Straight and Brodhurst, JJ.

1. The facts of this ease are very fully and clearly stated in the referring order of our brother Mahmood. The only argument addressed to us was based upon the sixth plea taken in the memorandum of appeal, namely, that the decree passed in favour of the defendant-appellant in suit No. 130 having become final by reason of no appeal being preferred from it, the matters in issue between him and the plaintiff No. 131, respondent before us and defendant in suit 130, had been heard and finally determined, and could not be again tried and determined in the appeal from the decree passed in suit 131. We are upon consideration constrained to hold that this contention is a sound one and must prevail. It is true that the first Court tried the two suits 130 and 131 together and disposed of them by a single judgment; but separate decrees were prepared, each of which was appealable by the party or parties aggrieved thereby, and, failing such appeal, finally settled the question between the plaintiff on the one side and the defendant on the other. In suit 130 as between the plaintiff Chajju and the defendant Sheo Sahai, the decree determined the issues as to the former's preferential right over the latter, and the amount to be paid, and directed the period within which it was to be paid, in accordance with the provisions of Section 214 of the Civil Procedure Code.

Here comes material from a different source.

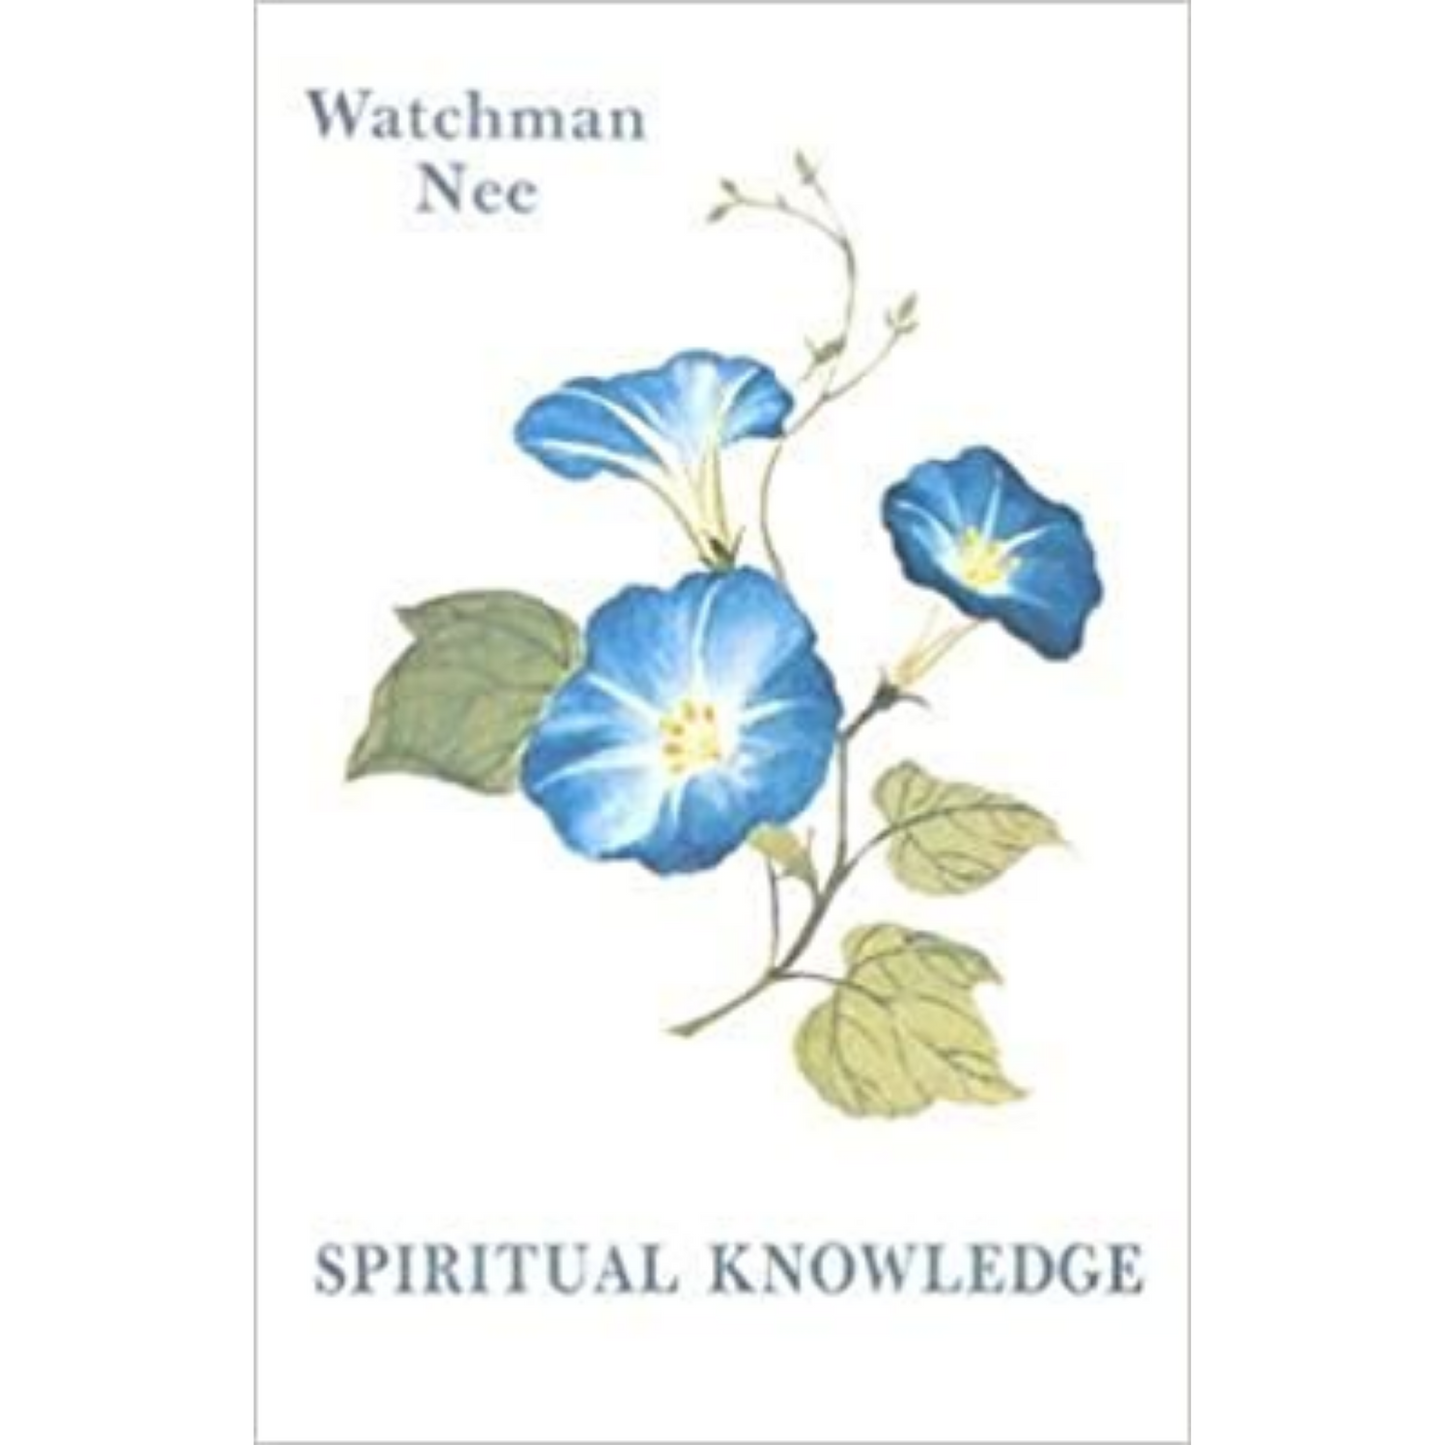 Spiritual Knowledge
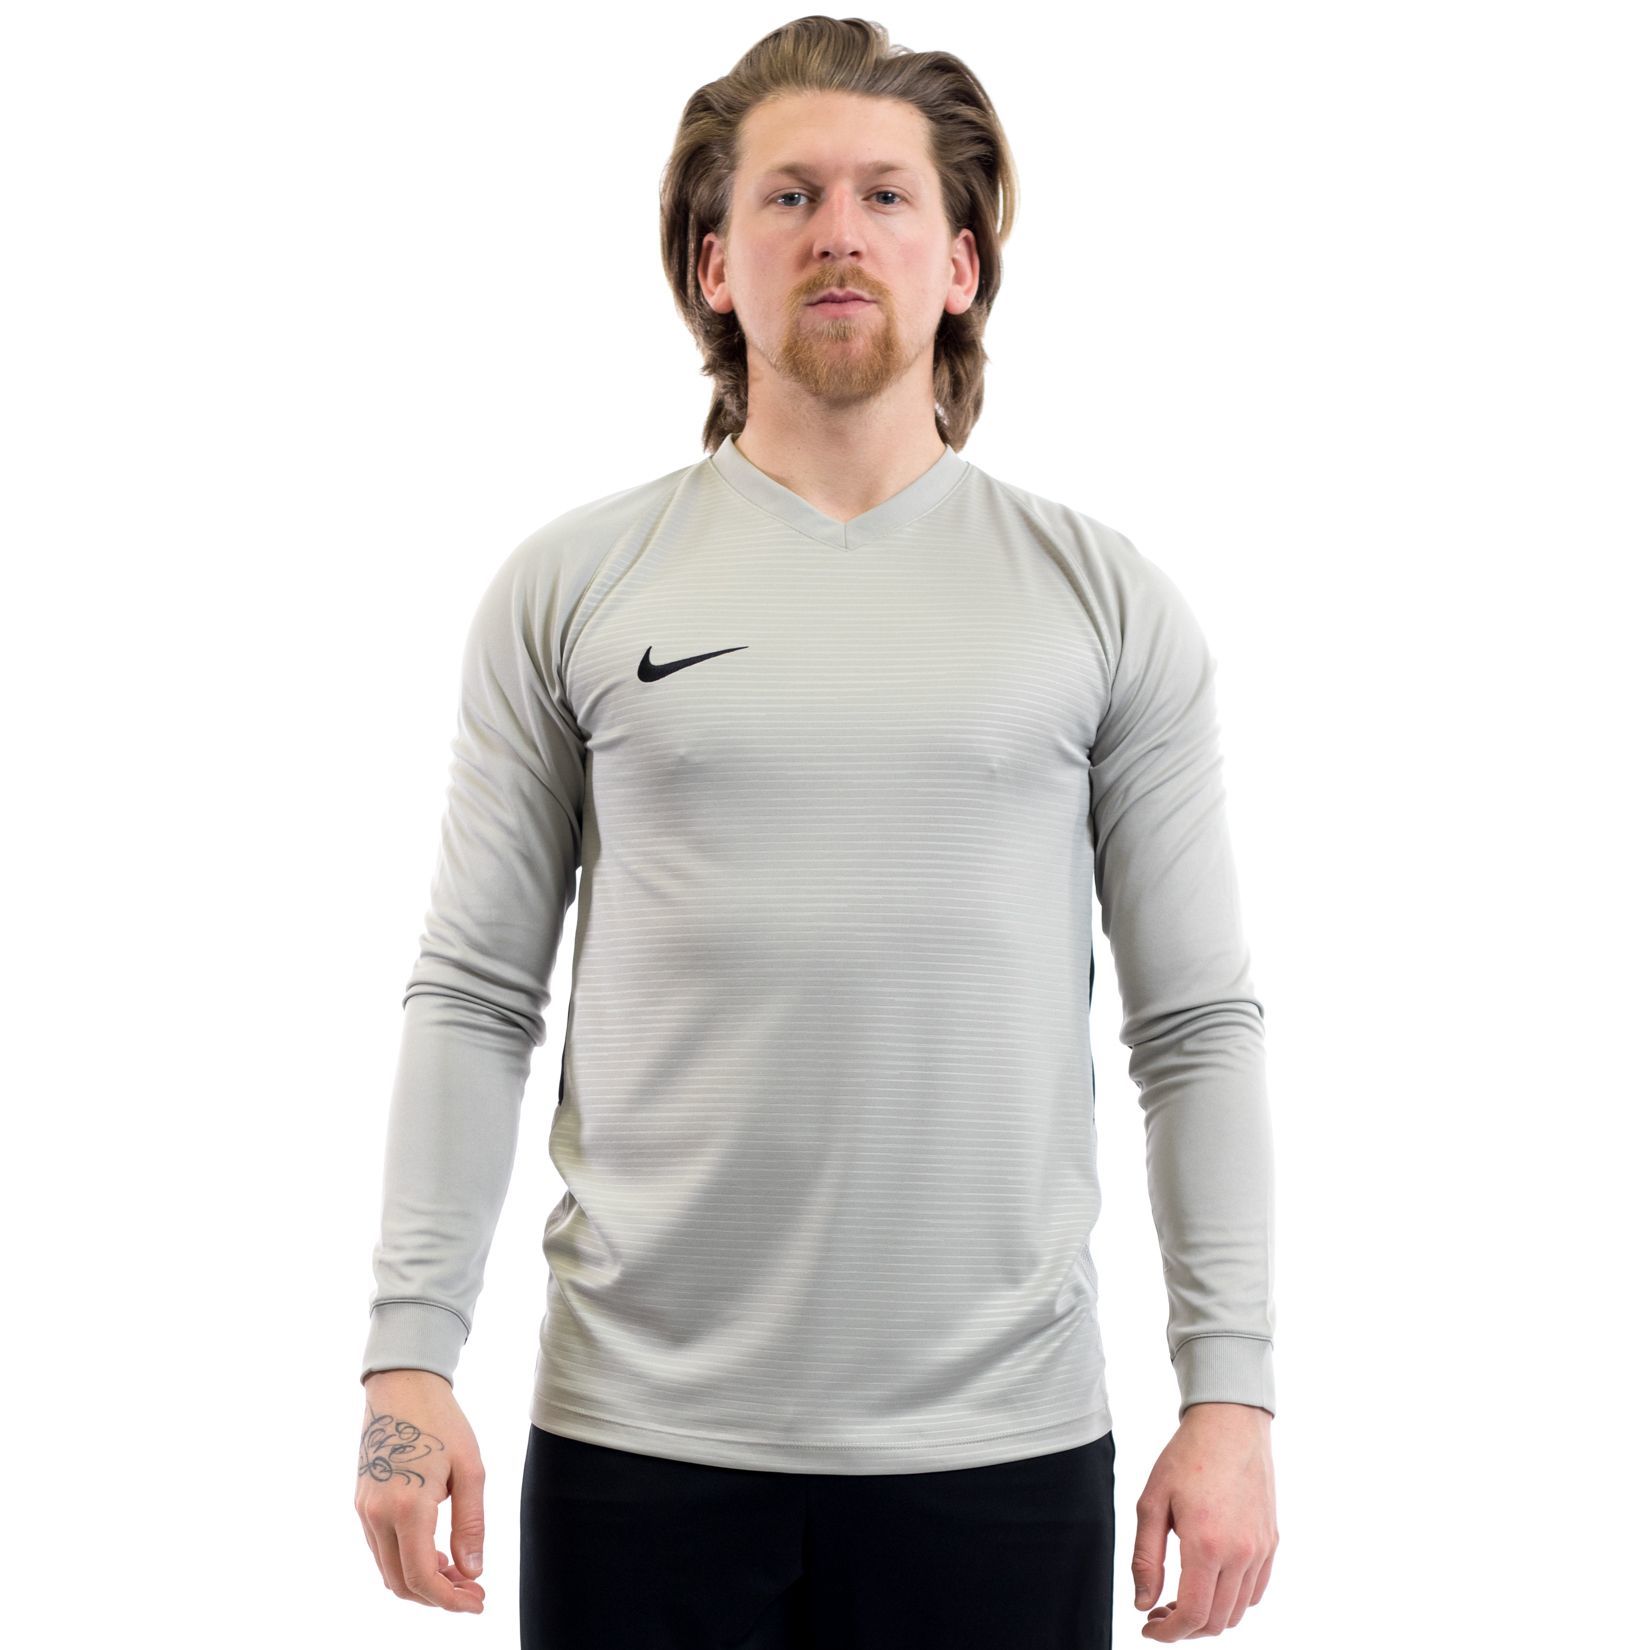 Nike Tiempo Premier Long Football Shirt - Kitlocker.com

This decree still stands, and the Rs. 4,000 having been paid in by Chajju, the decree-holder, within the specified time, he has now become entitled to possession of the property. It was from this decree that Sheo Sahai, the respondent before us, should have appealed, if he desired to get rid of the decision in regard to the plaintiff Chajju's right to pre-empt, and not having done so, it was not competent for the Judge in the appeal from the decree in suit 131 to re-open the questions between those two persons.

2. In so far, therefore, as his decision dwelt with those matters and his decree affects Chajju, this appeal must be and it is decreed with costs, and the respondent's appeal to the Lower Appellate Court quoad Chajju dismissed with costs.